→ Dataset content

-- Opening Marker --

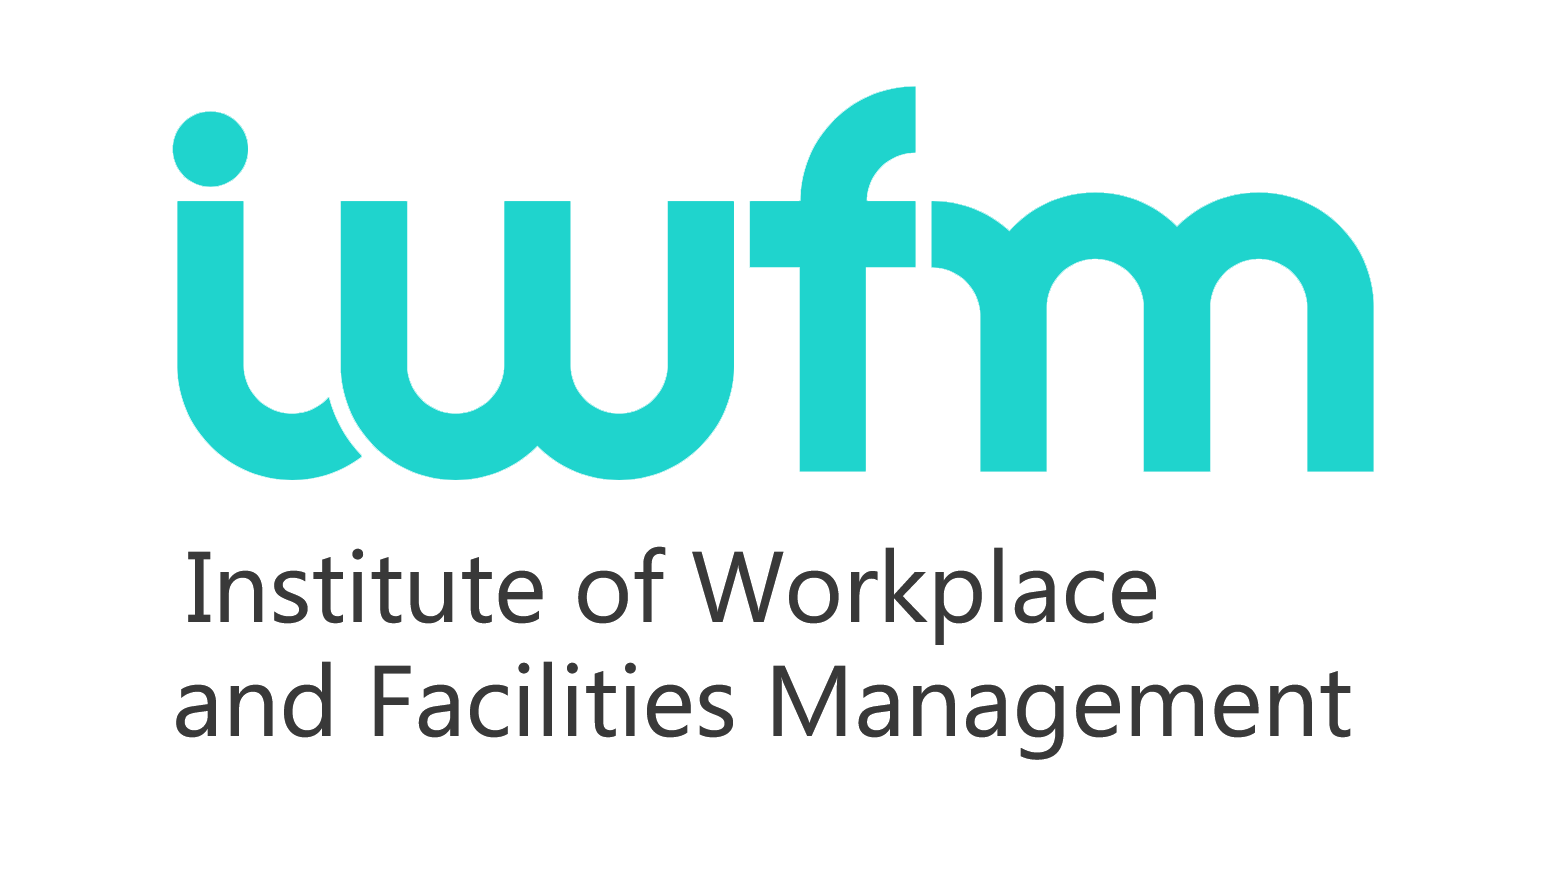 IWFM Courses
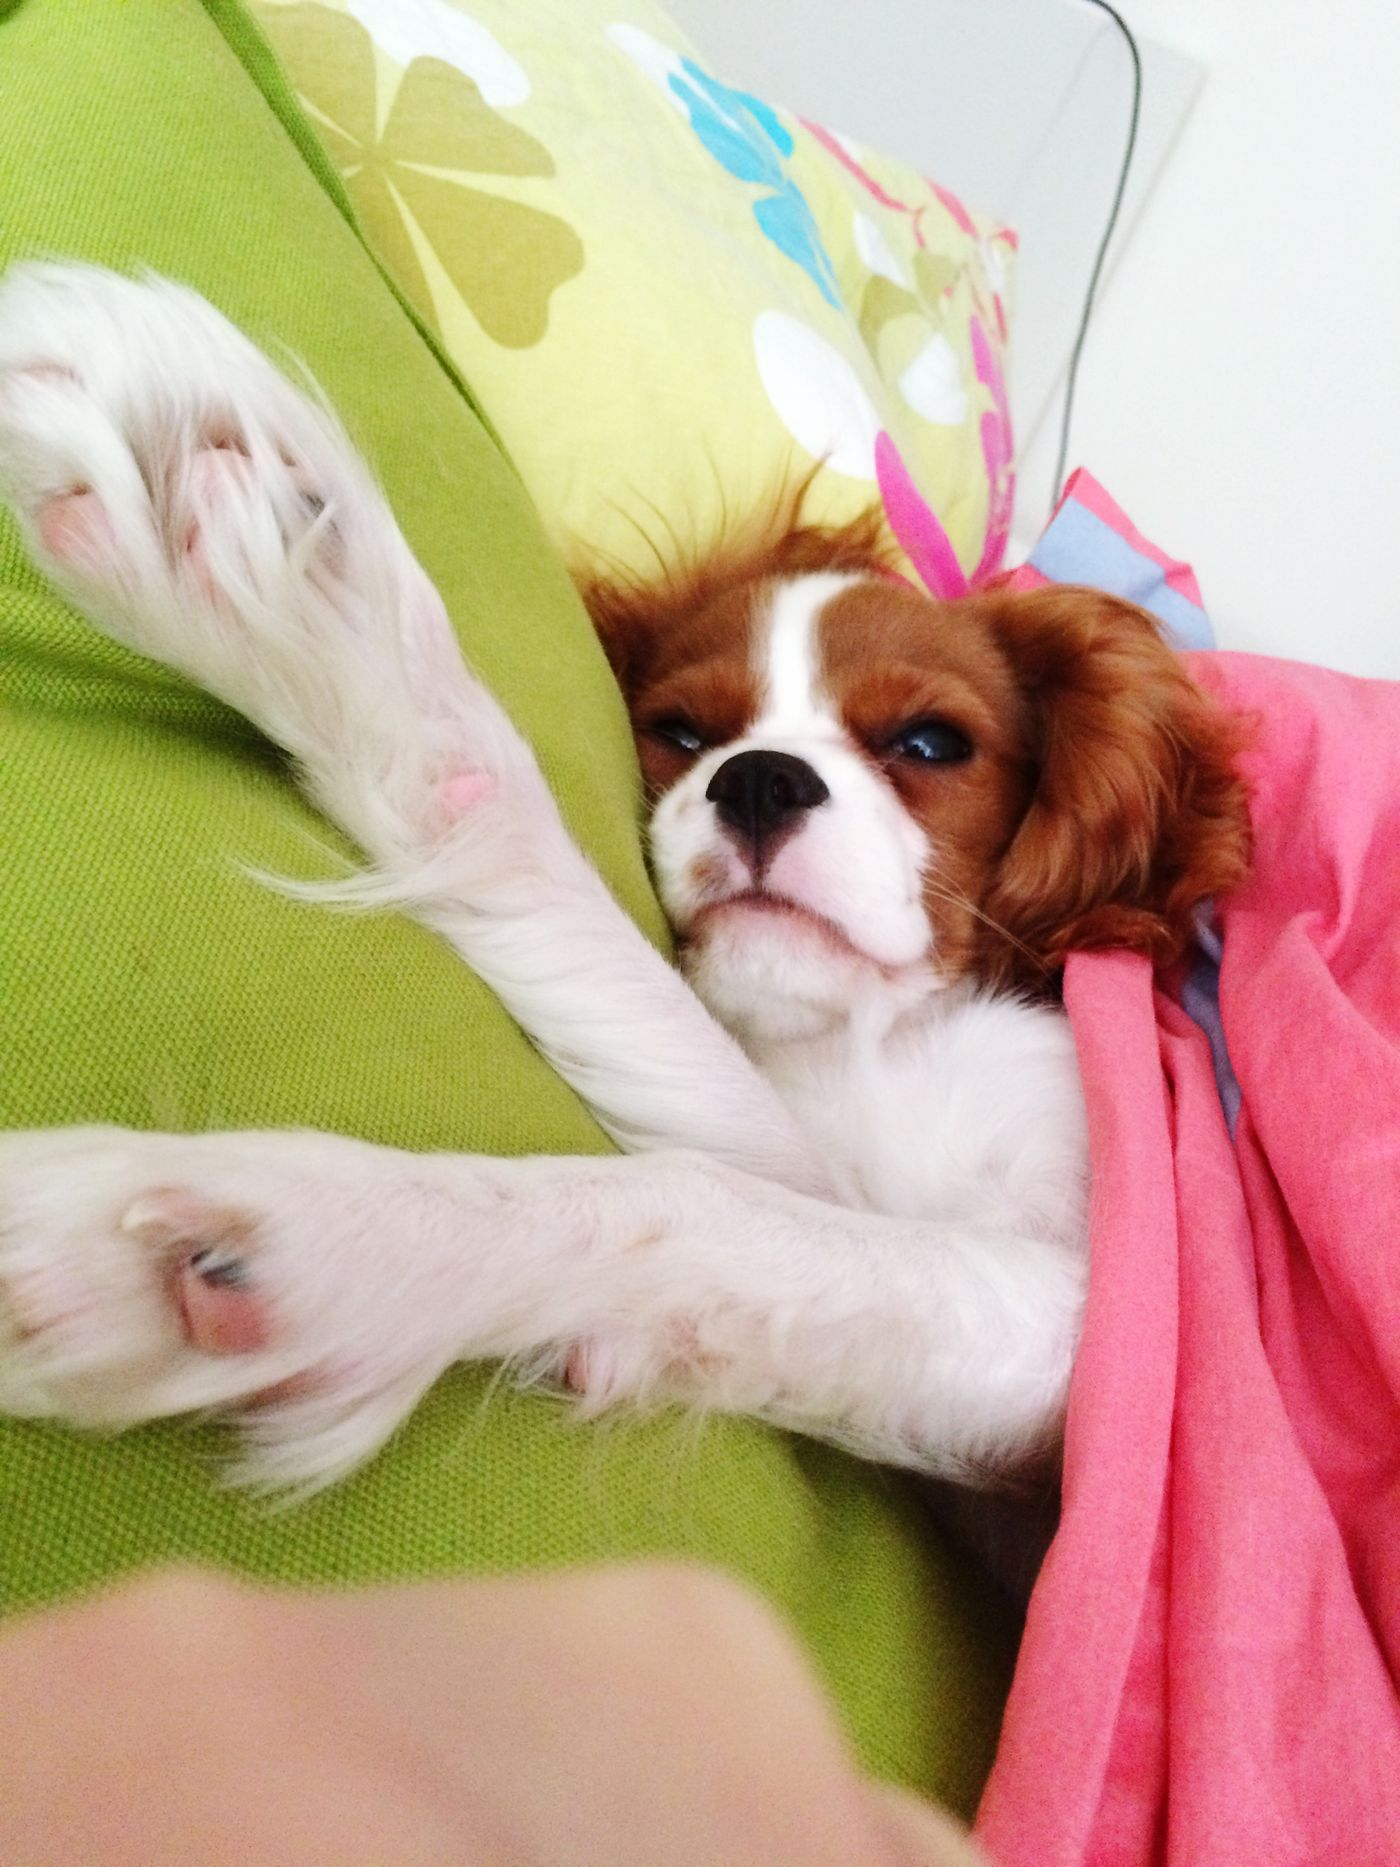 Good morning sunshine Dog Friends Cavalier King Charles Spaniel Sleepin With My Dog Cute Pets
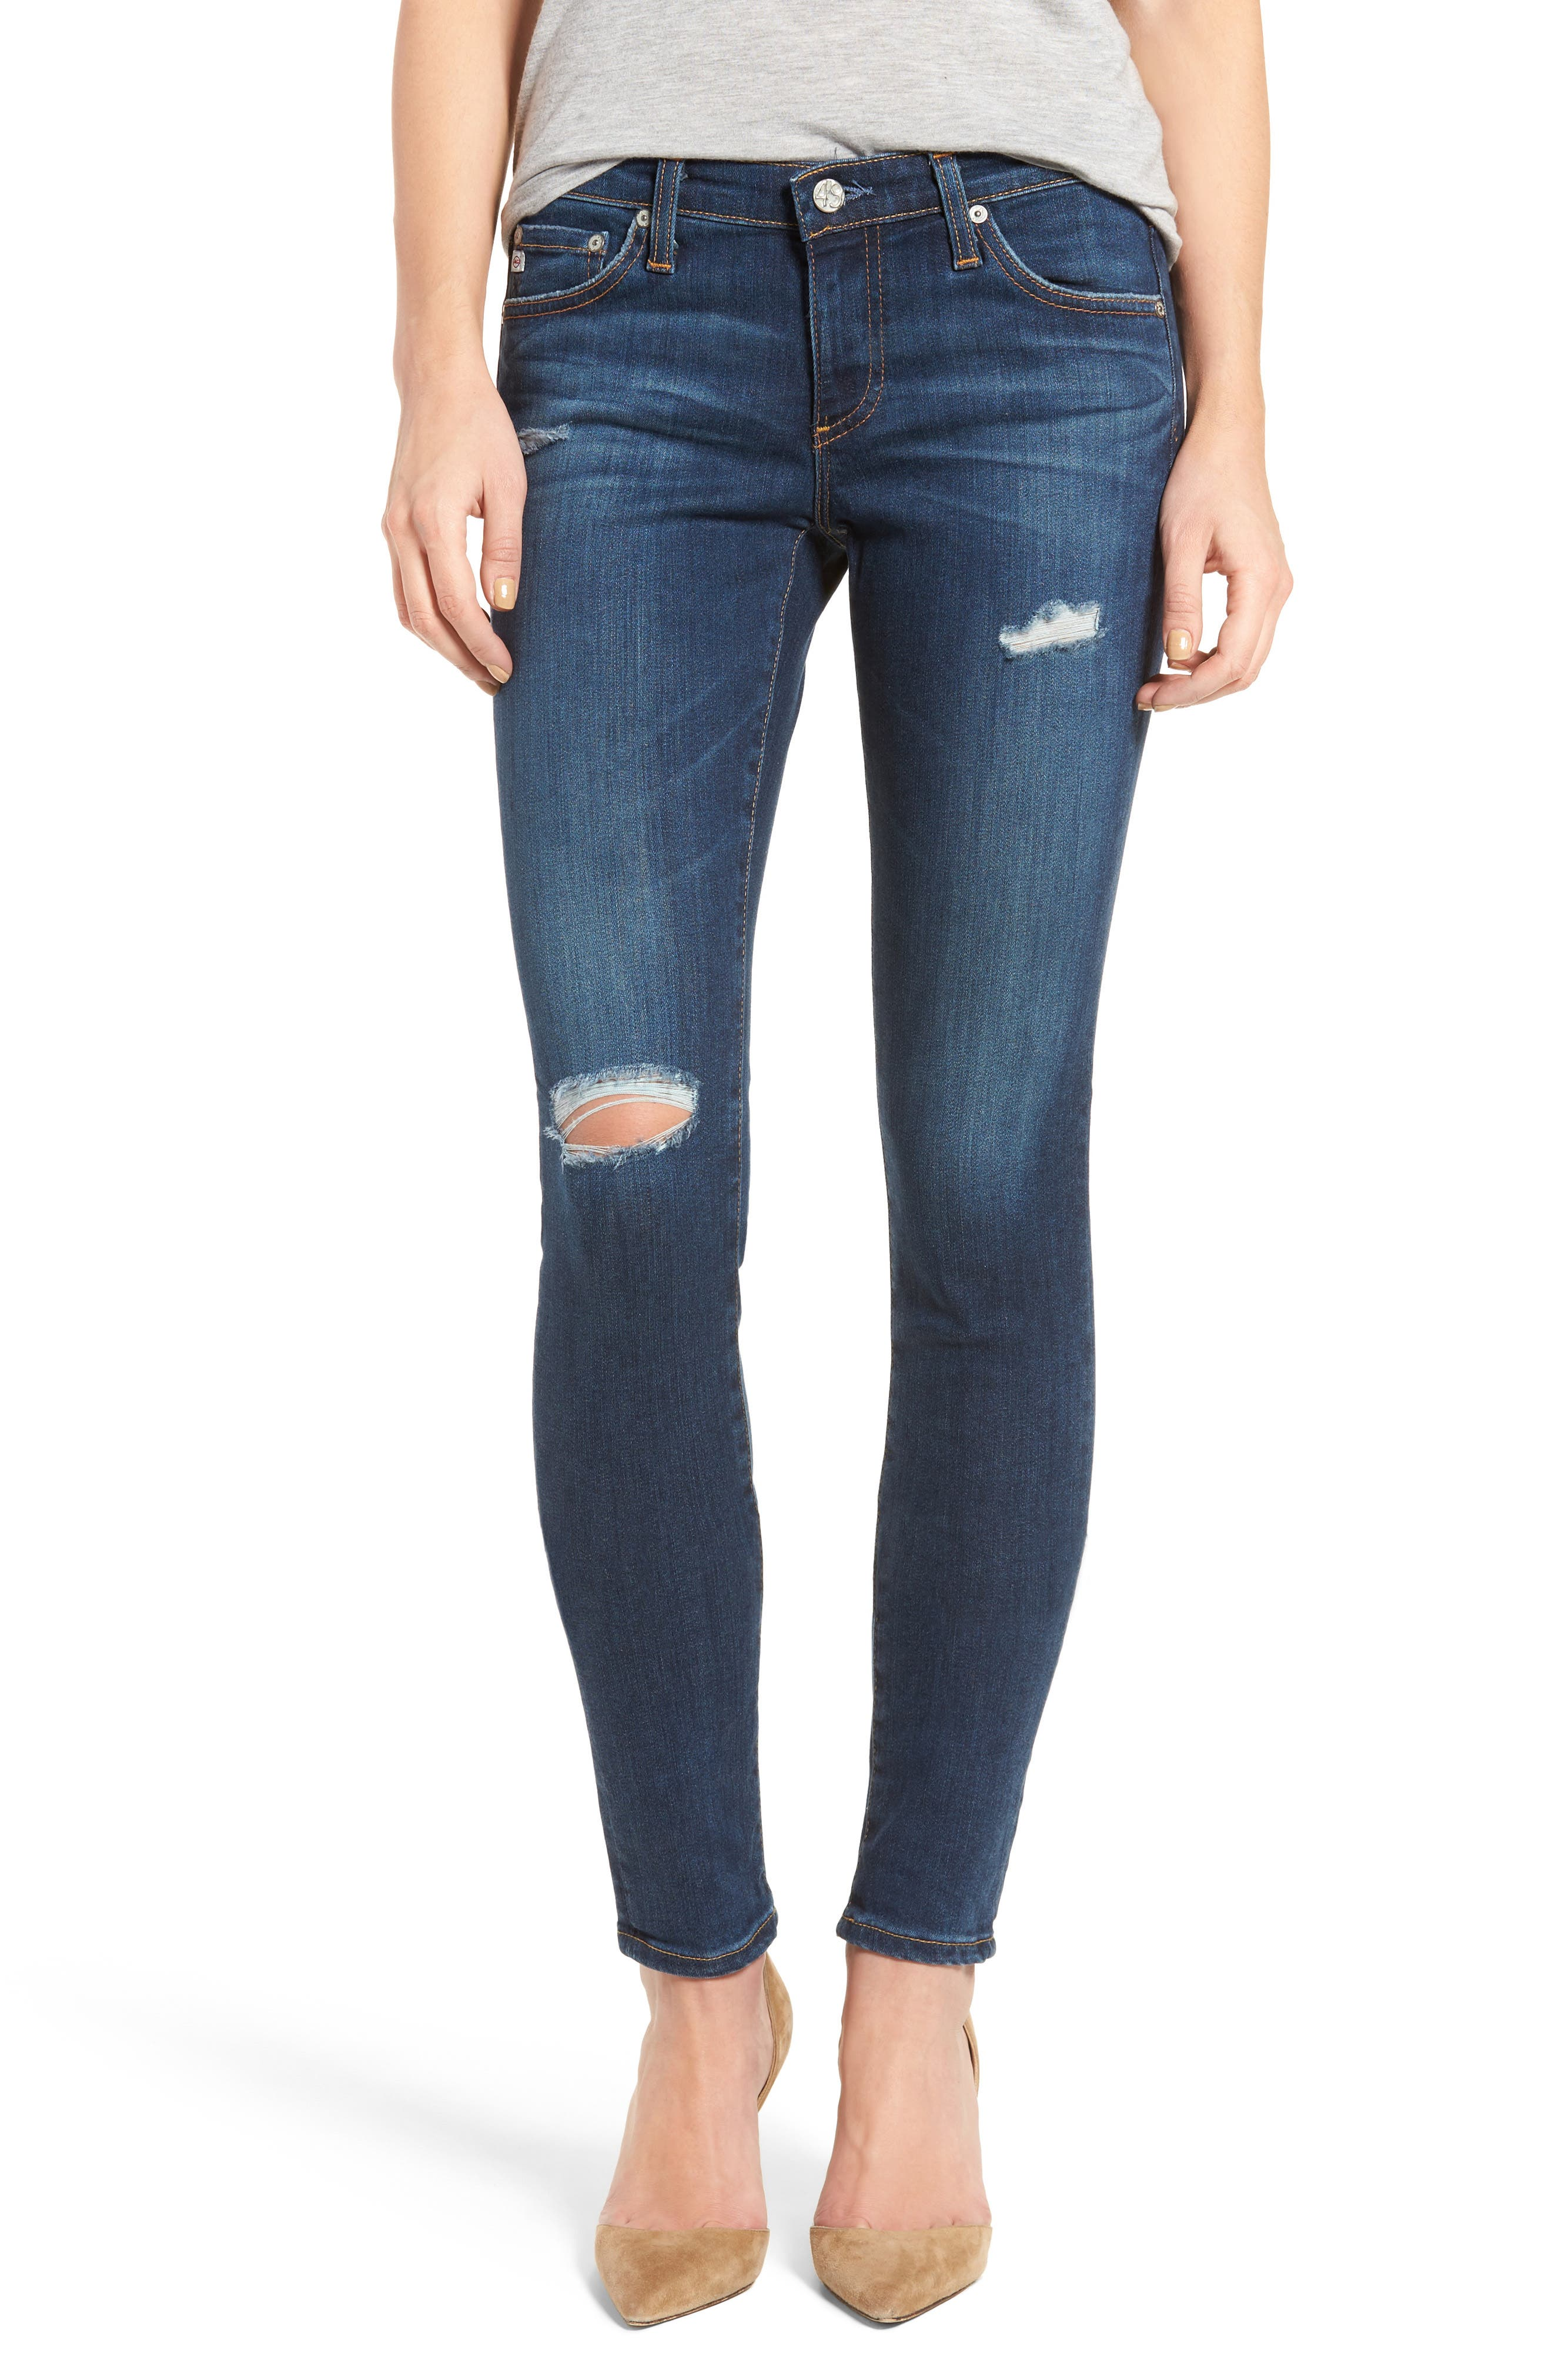 Alternate Image 1 Selected - AG The Legging Super Skinny Jeans (8 Years Wander)

-- Closing Marker --

→ Task prompt
Pictures stay out of the answer; the rest of the listing above is returned exactly.

→ Output of the task
 IWFM Courses
 Good morning sunshine Dog Friends Cavalier King Charles Spaniel Sleepin With My Dog Cute Pets
 Alternate Image 1 Selected - AG The Legging Super Skinny Jeans (8 Years Wander)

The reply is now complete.